+++ SUPPLIED RECORDS +++
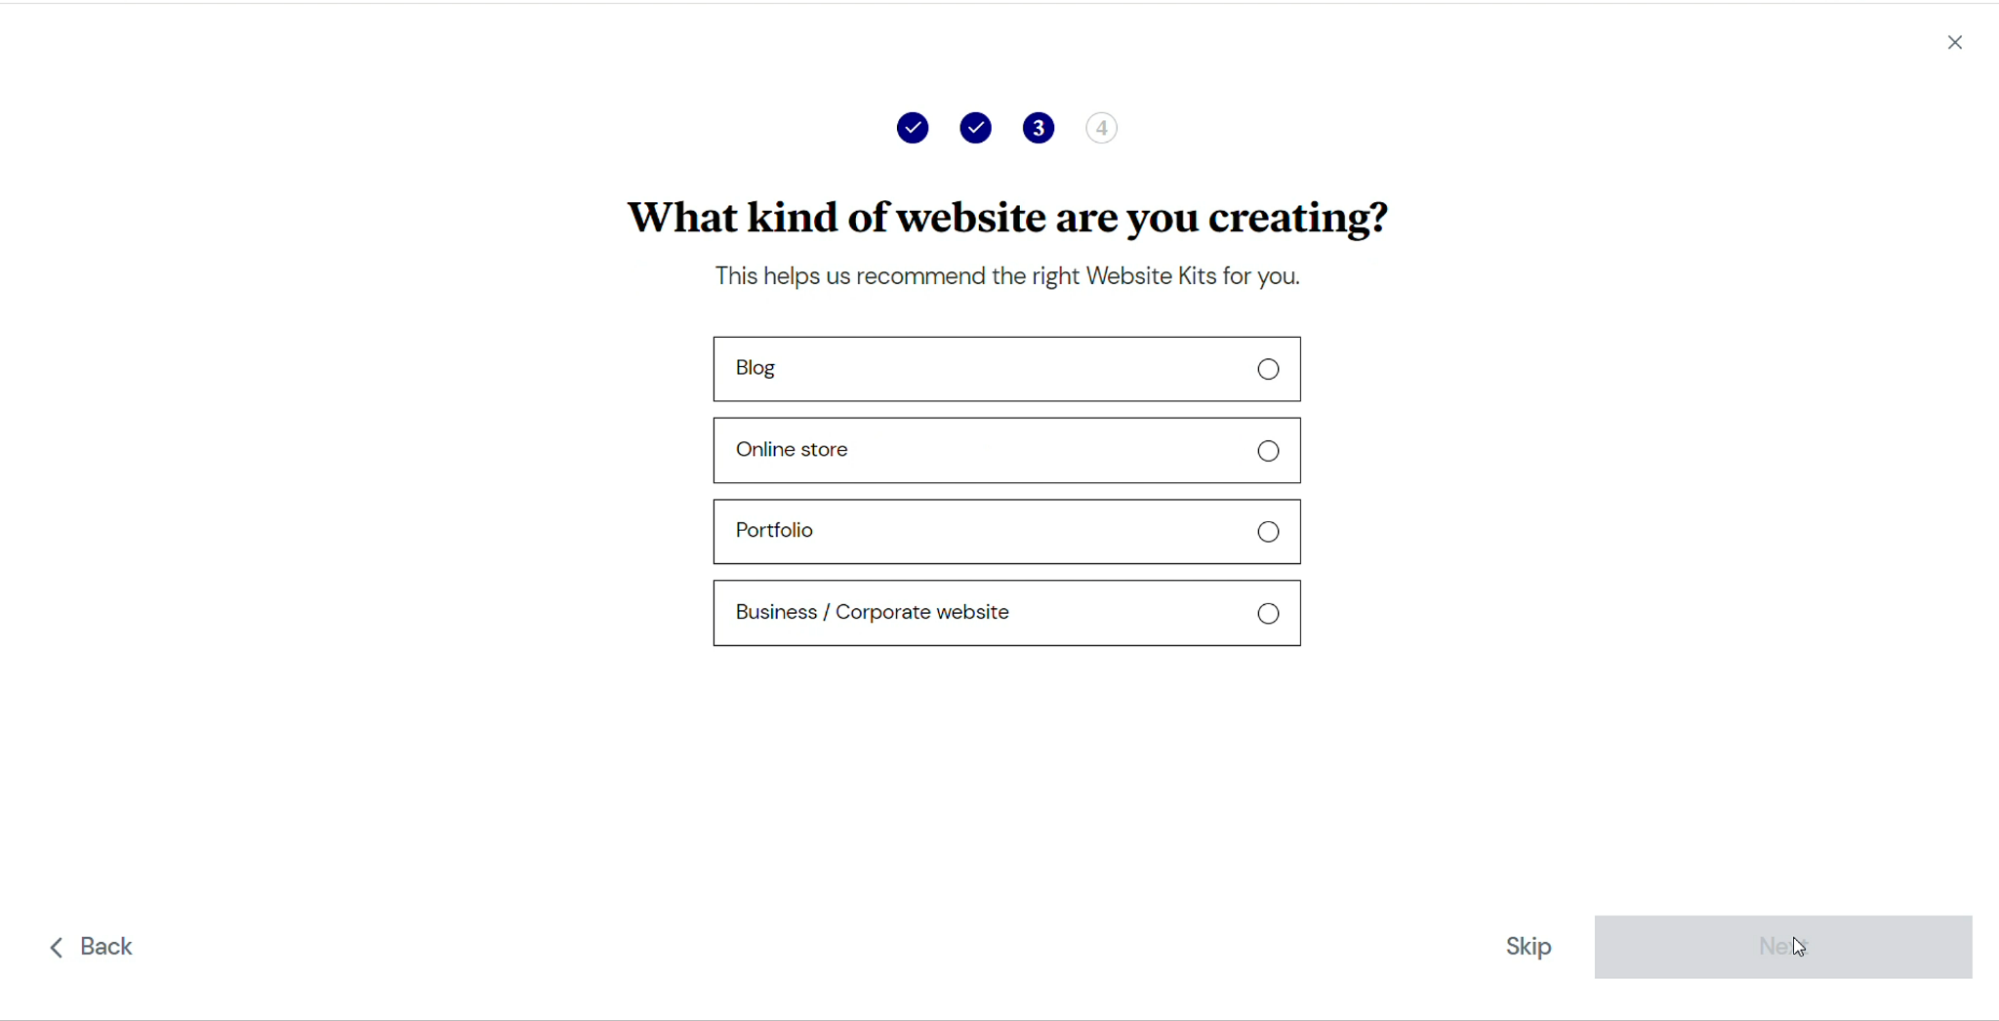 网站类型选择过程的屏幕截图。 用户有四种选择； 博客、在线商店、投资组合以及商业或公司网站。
+++
+++ SUPPLIED RECORDS +++
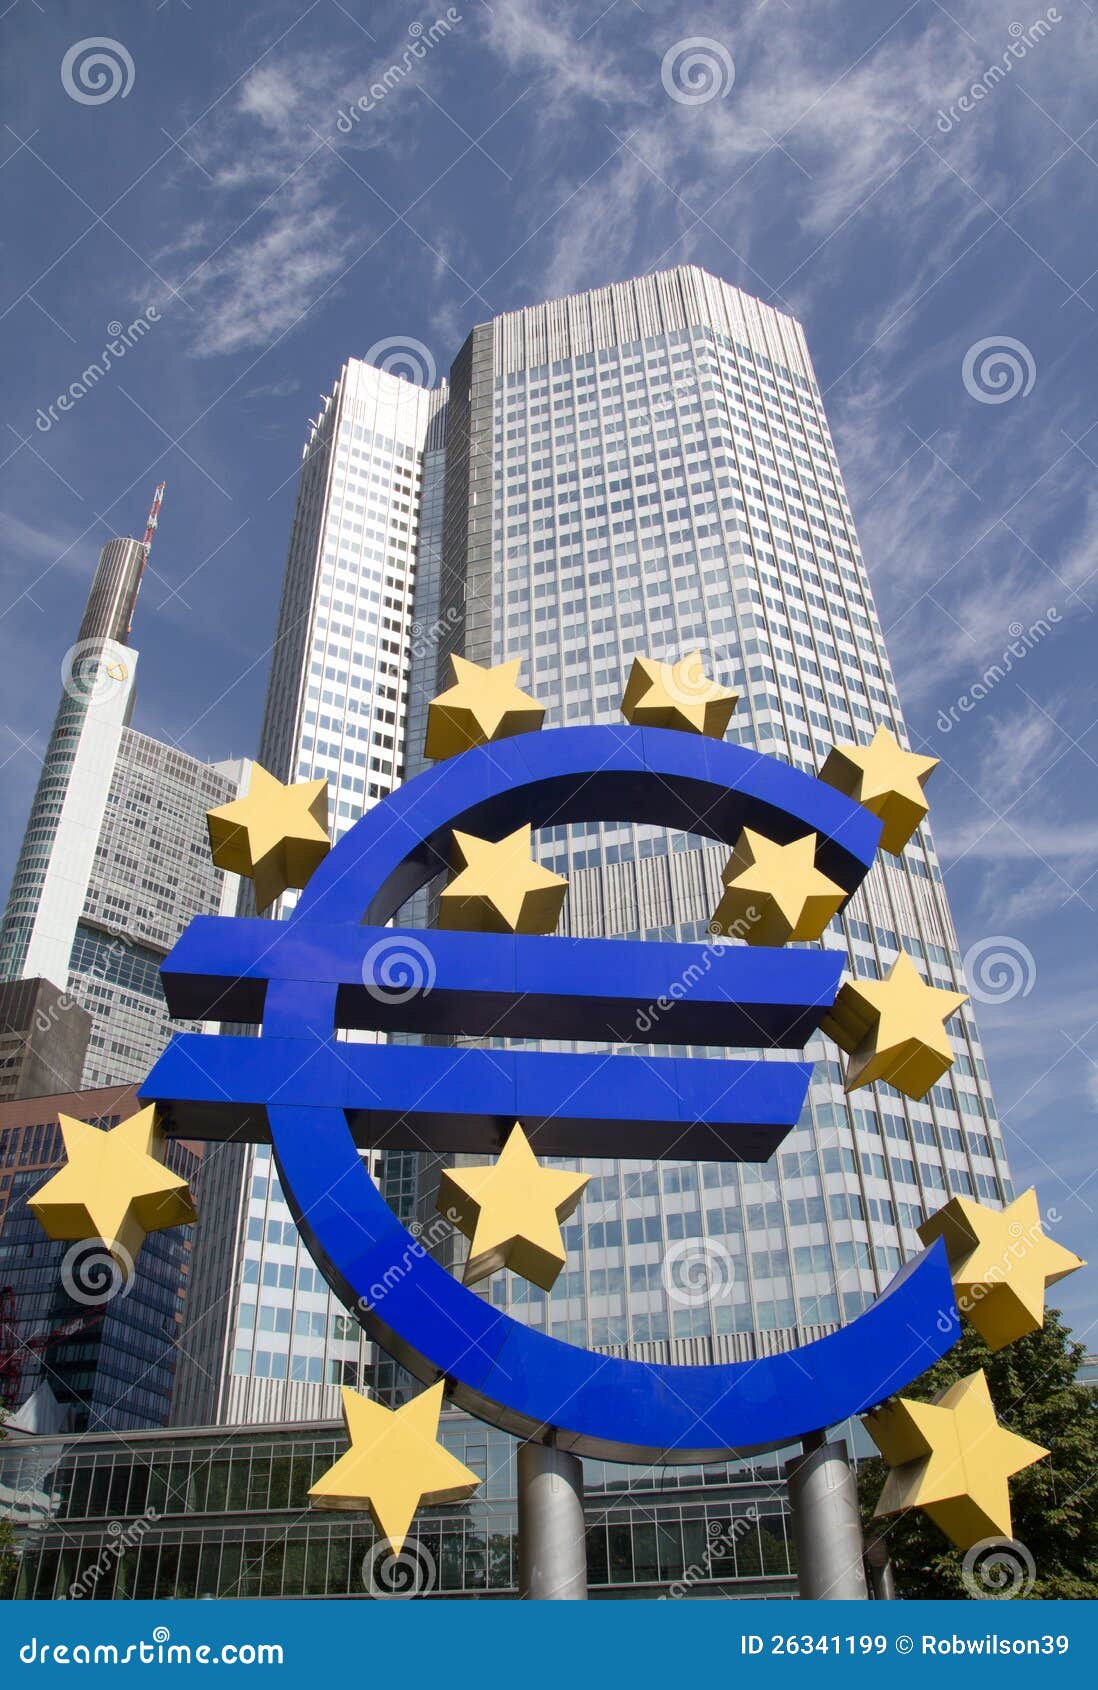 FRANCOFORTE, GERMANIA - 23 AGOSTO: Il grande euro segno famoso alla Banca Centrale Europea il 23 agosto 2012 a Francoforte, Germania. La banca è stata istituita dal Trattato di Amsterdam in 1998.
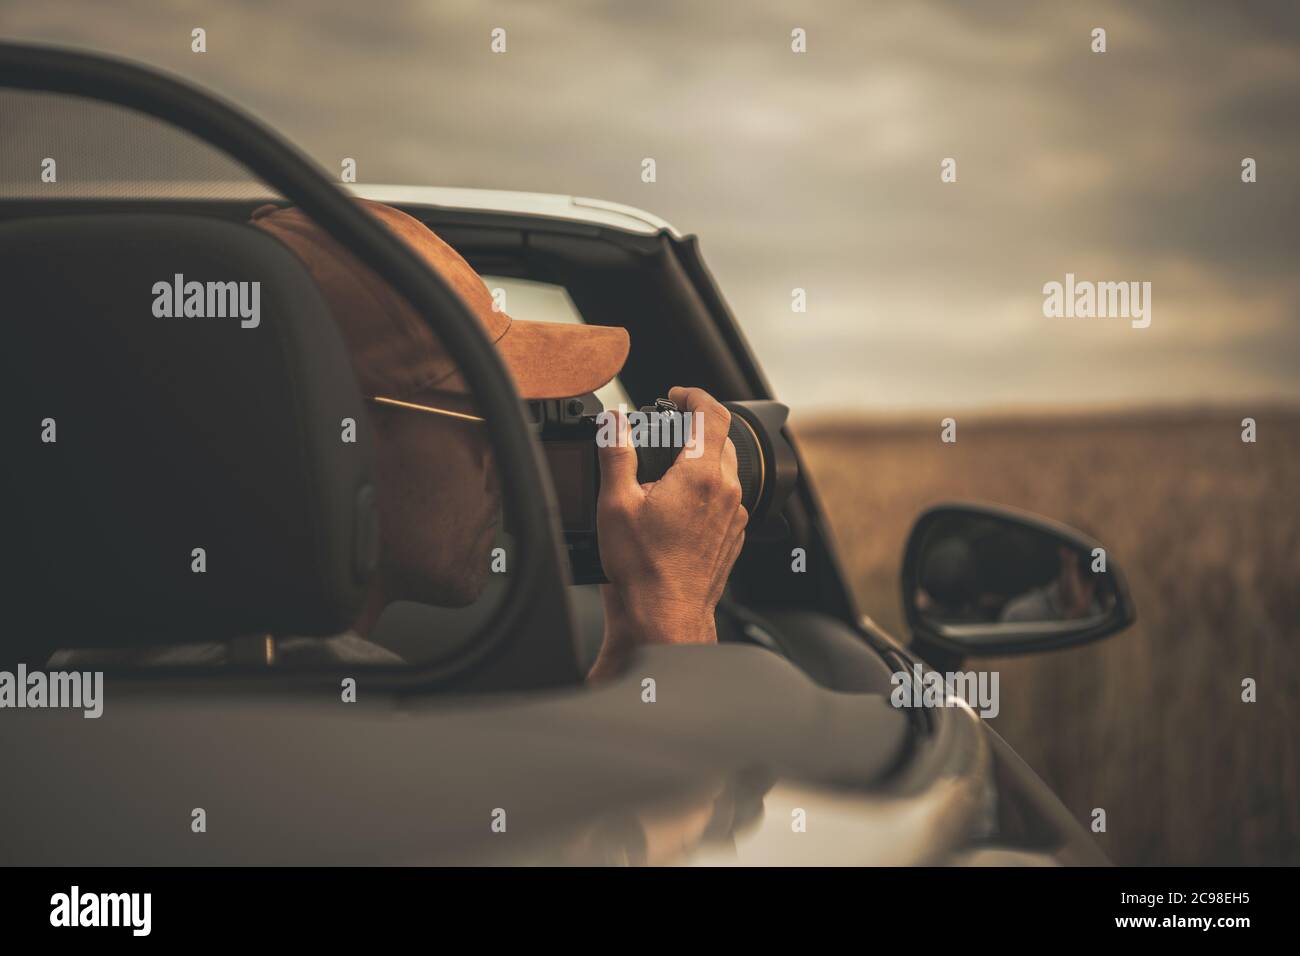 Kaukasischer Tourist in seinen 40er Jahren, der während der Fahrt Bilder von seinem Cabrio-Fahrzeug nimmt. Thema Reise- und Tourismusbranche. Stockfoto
+++
+++ SUPPLIED RECORDS +++
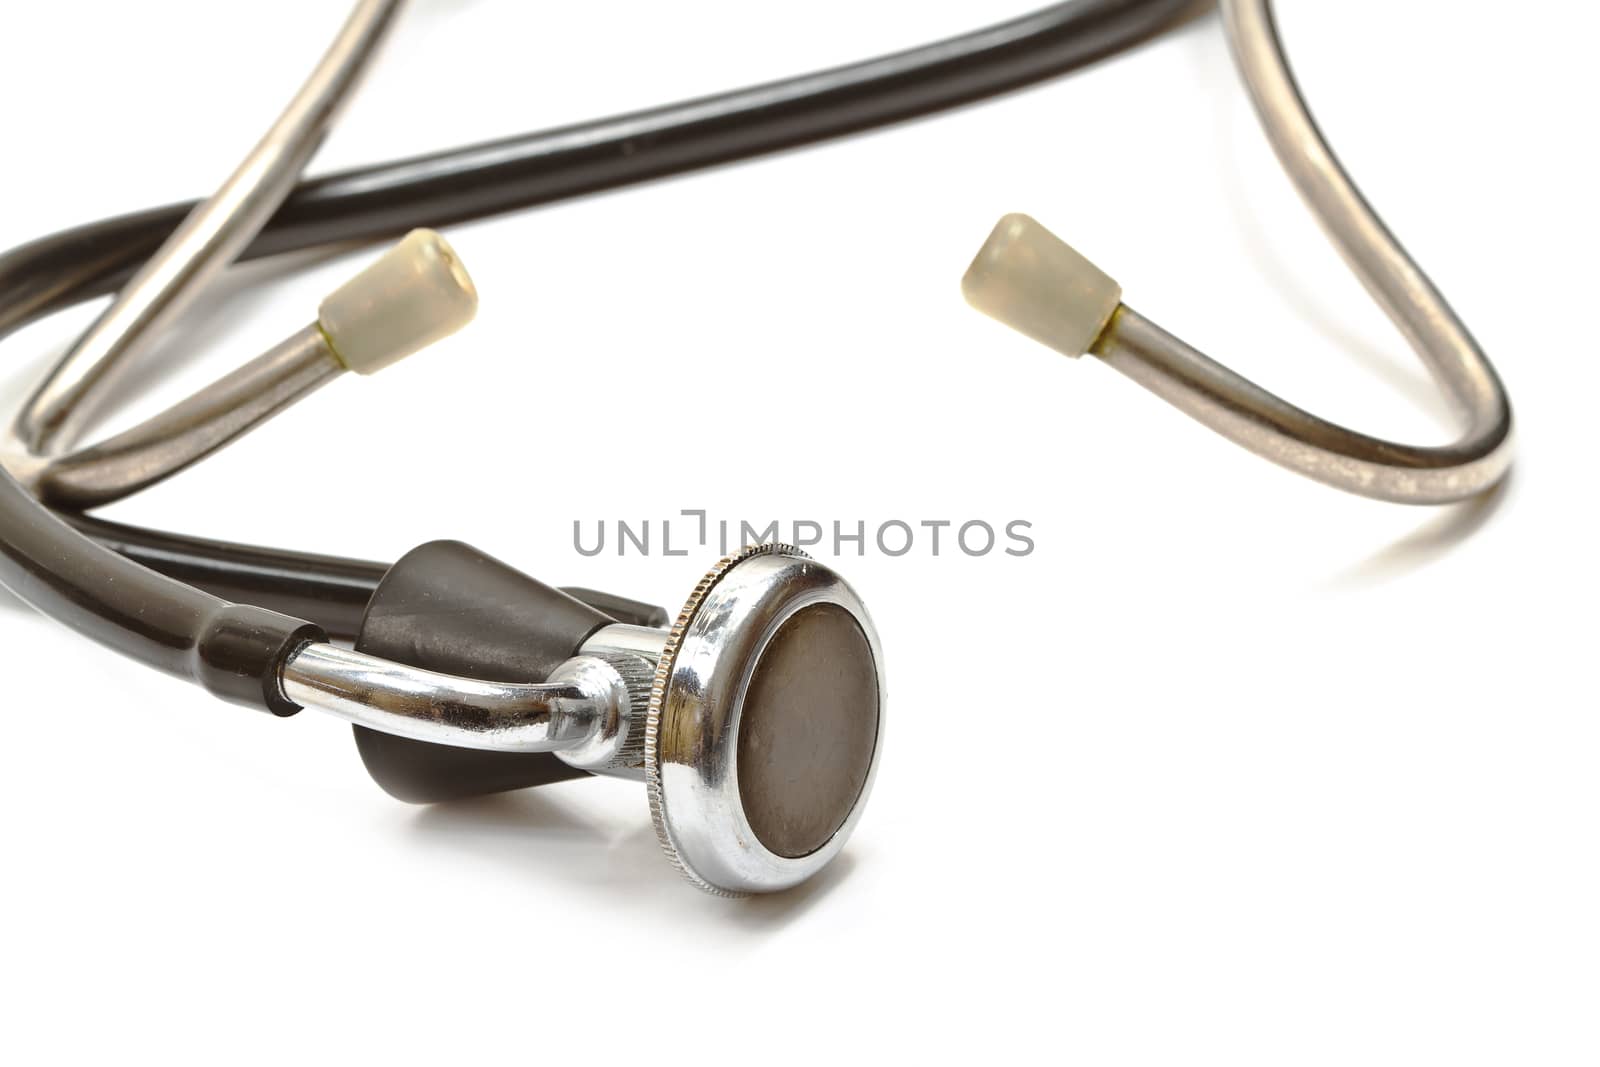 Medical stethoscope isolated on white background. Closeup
+++
Could you output exactly the lines above, from the line with "FRANCOFORTE, GERMANIA - 23" up to and including the line with "Kaukasischer Tourist in", and nothing else, skipping the pictures?

 FRANCOFORTE, GERMANIA - 23 AGOSTO: Il grande euro segno famoso alla Banca Centrale Europea il 23 agosto 2012 a Francoforte, Germania. La banca è stata istituita dal Trattato di Amsterdam in 1998.
 Kaukasischer Tourist in seinen 40er Jahren, der während der Fahrt Bilder von seinem Cabrio-Fahrzeug nimmt. Thema Reise- und Tourismusbranche. Stockfoto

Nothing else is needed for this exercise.